In the previously reported primary analyses, the addition of daratumumab to bortezomib plus dexamethasone (DVd) in the CASTOR trial and to Rd in the POLLUX trial seemed to significantly improve progression-free survival outcomes in patients with relapsed or refractory multiple myeloma.^34,35 An analysis of these phase III trials revealed higher rates of sustained MRD negativity with daratumumab-based combinations than with standard-of-care regimens; according to the investigators, this seemed to be associated with prolonged durations of progression-free survival.³⁶

Based on the final overall survival analysis of the CASTOR trial, treatment with DVd prolonged the median duration of this endpoint versus Vd alone (49.6 vs. 38.5 months).³⁷ A prolonged median duration of overall survival was also observed with D-Rd versus Rd alone (67.6 vs. 51.8 months) in the final overall survival analysis of the POLLUX trial.³⁸ Taken together, these findings “demonstrate for the first time an overall survival benefit with daratumumab-containing regimens in relapsed or refractory multiple myeloma.”³⁷

Phase I Trial of Daratumumab in Combination With Venetoclax

Venetoclax plus daratumumab and dexamethasone with or without bortezomib appeared to be safe and active in patients with relapsed or refractory multiple myeloma, according to the investigators of a phase I trial (NCT03314181).³⁹ The overall response rates with and without the addition of bortezomib were 92% and 96%, respectively. Diarrhea (63% vs. 54%) and nausea (50% vs. 50%) were the most frequently reported adverse events; adverse events of grade 3 or higher were reported in 71% of patients who received bortezomib and 88% of those who did not. These findings seem to support the further assessment of venetoclax in combination with daratumumab in this clinical context, especially in patients harboring t(11;14) translocation.

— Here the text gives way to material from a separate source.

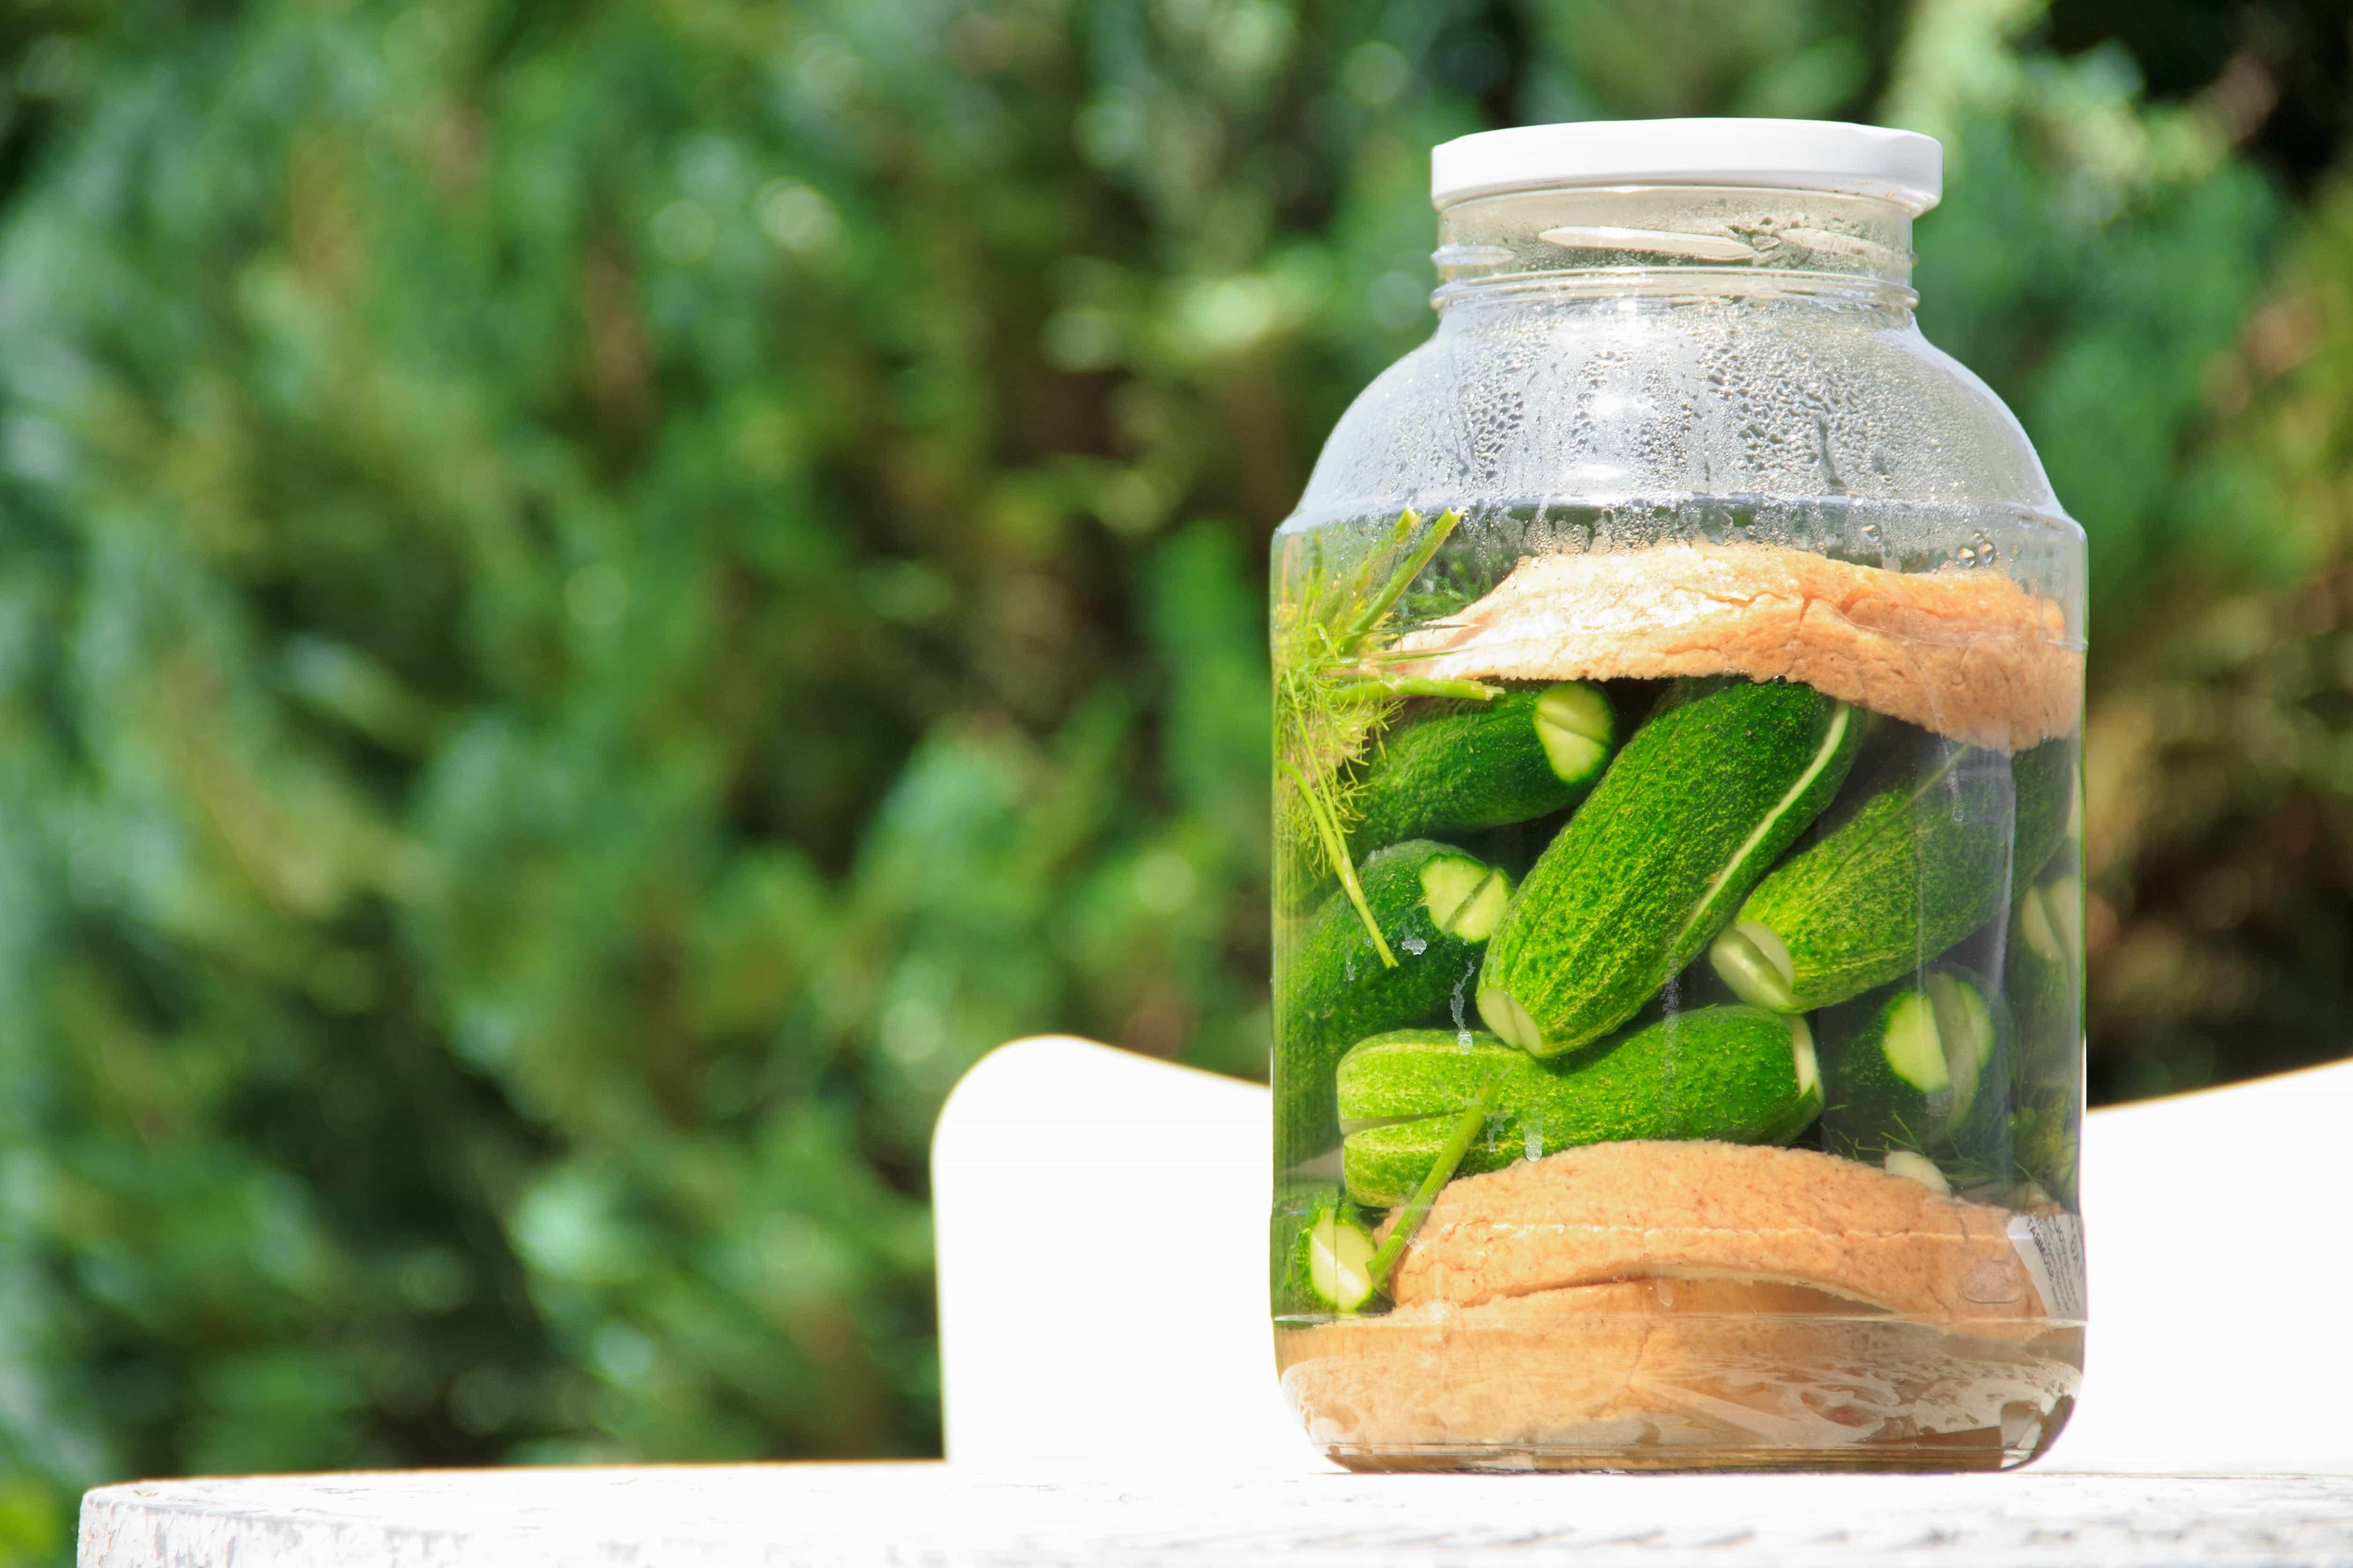 Gratis Billede Salat Agurk Sur Natur Fødevarer Organisk

These findings seem to support the further assessment of venetoclax in combination with daratumumab in this clinical context, especially in patients harboring t(11;14) translocation.

TRIMM-2

The two-part phase Ib TRIMM-2 trial was conducted to establish the recommended phase II dose and safety profile of each of the following daratumumab-based regimens: daratumumab plus teclistamab; daratumumab plus talquetamab; daratumumab plus talquetamab and pomalidomide; and daratumumab plus teclistamab and pomalidomide. The results may provide important insights into the use of this anti-CD38 monoclonal antibody in combination with bispecific T-cell redirection antibodies and inform the future treatment landscape for patients with relapsed or refractory multiple myeloma.

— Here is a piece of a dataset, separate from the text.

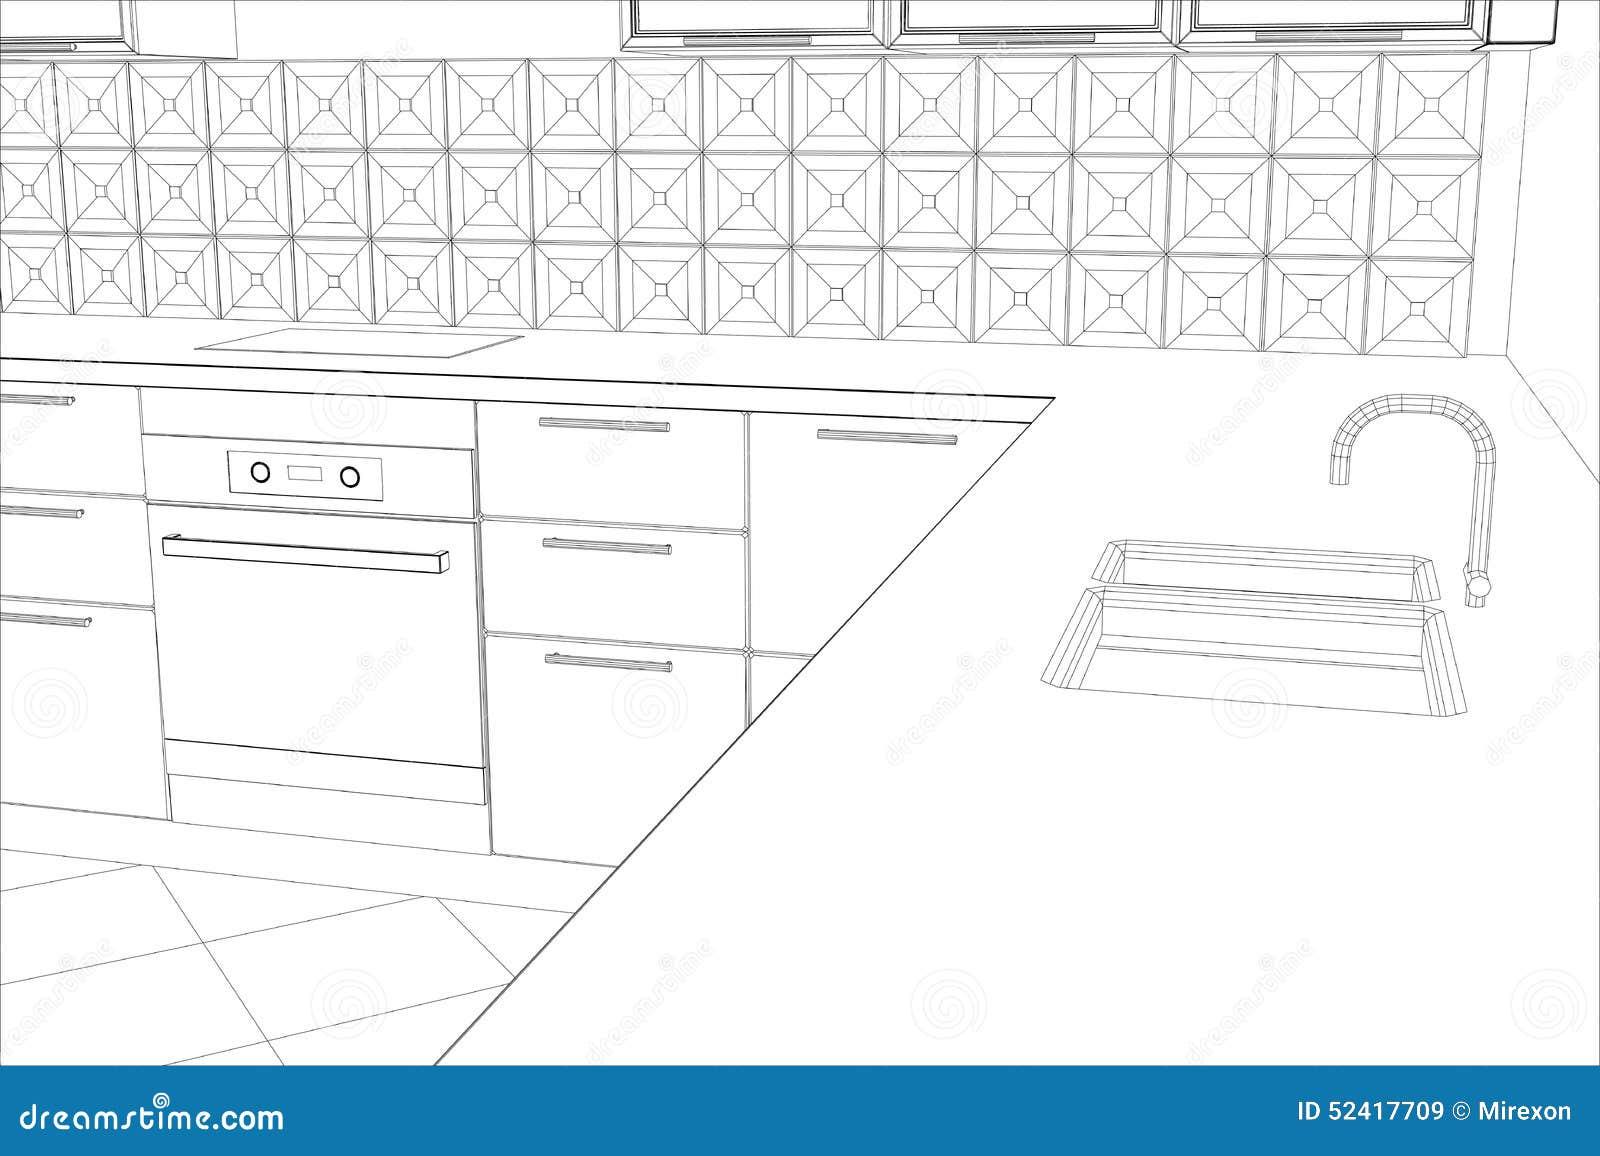 Cucina dell 39 interno di progettazione di schizzo di bstract for Software di progettazione di costruzione di case gratuito

Daratumumab Plus Teclistamab

Initially, a total of 33 patients received 1,800 mg of subcutaneous daratumumab in combination with teclistamab at a dose of 1,500 µg/kg weekly (n = 21), 3,000 µg/kg weekly (n = 5), 300 mg biweekly starting on day 1 of the third cycle (n = 2), or 3,000 µg/kg biweekly (n = 5; none response-evaluable).⁴⁰ With a median follow-up of 3.6 months across the cohorts, 13, 4, and 1 individuals achieved an overall response; 7, 3, and 0 achieved a very good partial response or better; and 3, 2, and 0 achieved a complete response or better, respectively. Daratumumab plus teclistamab demonstrated a manageable safety profile, which seemed to be consistent with those of the monotherapies. Adverse events were reported in 97.0% of patients; more than half of the population (66.7%) experienced an adverse event of grade 3 or 4.

At the time of an updated analysis, the population comprised 46 patients; the median duration of follow-up was 7.2 months.⁴¹ Overall responses, very good partial responses or better, and complete responses or better were reported in 15, 14, and 6 patients treated with 1,500 µg/kg weekly; 4, 4, and 2 with 3,000 µg/kg weekly; and 10, 9, and 1 with 300 mg biweekly, respectively. Adverse events of any grade occurred in 91% of patients; the incidence rate of grade 3 or 4 adverse events was 78%.

The ongoing phase III MajesTEC-3 trial will compare this combination with the investigator’s choice of daratumumab plus pomalidomide and dexamethasone (DPd) or DVd in patients with relapsed or refractory multiple myeloma (NCT05083169).

Daratumumab Plus Talquetamab

At the time of the initial data report, 23 patients received 1,800 mg of subcutaneous daratumumab in combination with talquetamab at a dose of 400 µg/kg weekly (n = 8), 400 µg/kg biweekly (n = 5), or 800 µg/kg biweekly (n = 10).⁴² With a median follow-up of 2.9 months across the cohorts, a total of three, three, and seven individuals achieved an overall response; three, three, and six achieved a very good partial response or better; and three, one, and one achieved a complete response or better, respectively. Any-grade adverse events were reported in 95.7% of patients; the incidence rate of adverse events of grade 3 or 4 was 78.3%.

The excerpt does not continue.